起動logを確認し、赤い線の所、設定したcomポートと接続されているか。Nodeが4つ認識されているかを確認してください。
最後に、デスクトップにrotorhazard起動用のショートカットをデスクトップあたりに作っておきましょう。
私の場合、C:\User Program\RotorHazard-4.2.1\以下にrotorhazardをインストールしているので、リンク先は以下の通りになります。
C:\Windows\System32\cmd.exe /K "cd C:\User Program\RotorHazard-4.2.1\ && python -m venv --system-site-packages .venv && .venv\Scripts\activate.bat && cd src\server
7. 動作確認
TVPASとRotorhazardを起動した後、webブラウザで http://localhost:5000 を開きます。
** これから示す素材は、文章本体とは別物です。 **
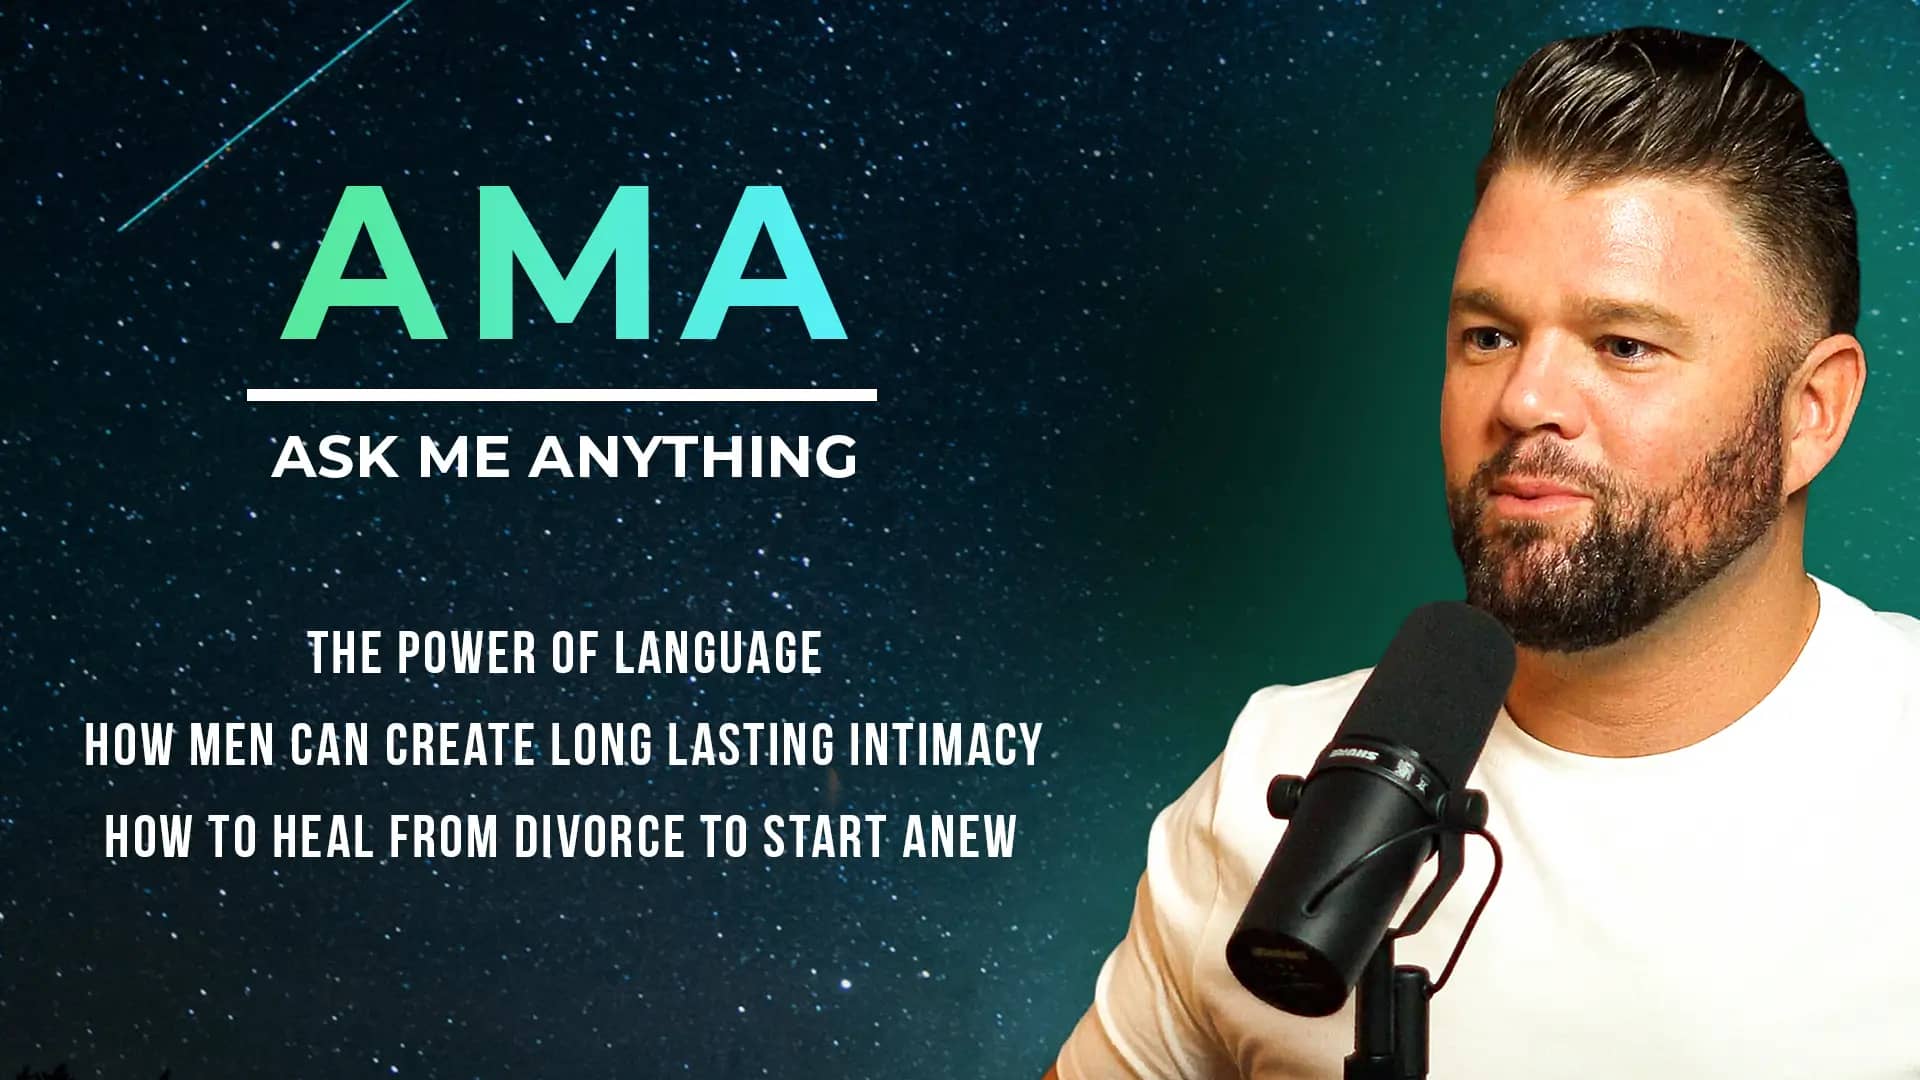 AMA: The Power of Language, How Men Can Create Long Lasting Intimacy + How To Heal From Divorce To Start Anew

TVPASの4分割画面と、RotorhazardのNodeは、このように対応しています。
それを参考にRotorhazardのFrequencySetupを実行してください。
Sensor Tuningの画面を開いて、Arucoを認識させて反応があれば、導入は成功です。
8.マーカーの認識状況と、RSSIの値
マーカーを認識した後、次のフレームでマーカーが消えると、TVPASは、Rotorhazardに、ゲート通過の信号を送ります。通過信号は、マーカーの認識状況によって違います。
有効マーカー(Valid Marker):
マーカーが映像の中心部を向いている場合、有効マーカーとして認識されます。この場合、機体はゲートの輪の中心を飛行していると推定されます。
無効マーカー(Inalid Marker):
マーカーが映像の中心部を向いていない場合、無効マーカーとして認識されます。この場合、機体はゲートの輪の外側を飛行していると推定されます。
マーカー検出状況によるRSSIの違い:
2.2個以上の有効マーカーを検出したが、無効マーカーも検出している。
0.2秒間 rssi =110のパルスを出します。
3.有効マーカーを検出せず、無効マーカーだけ検出した。
0.2秒間 rssi=70のパルスを出します。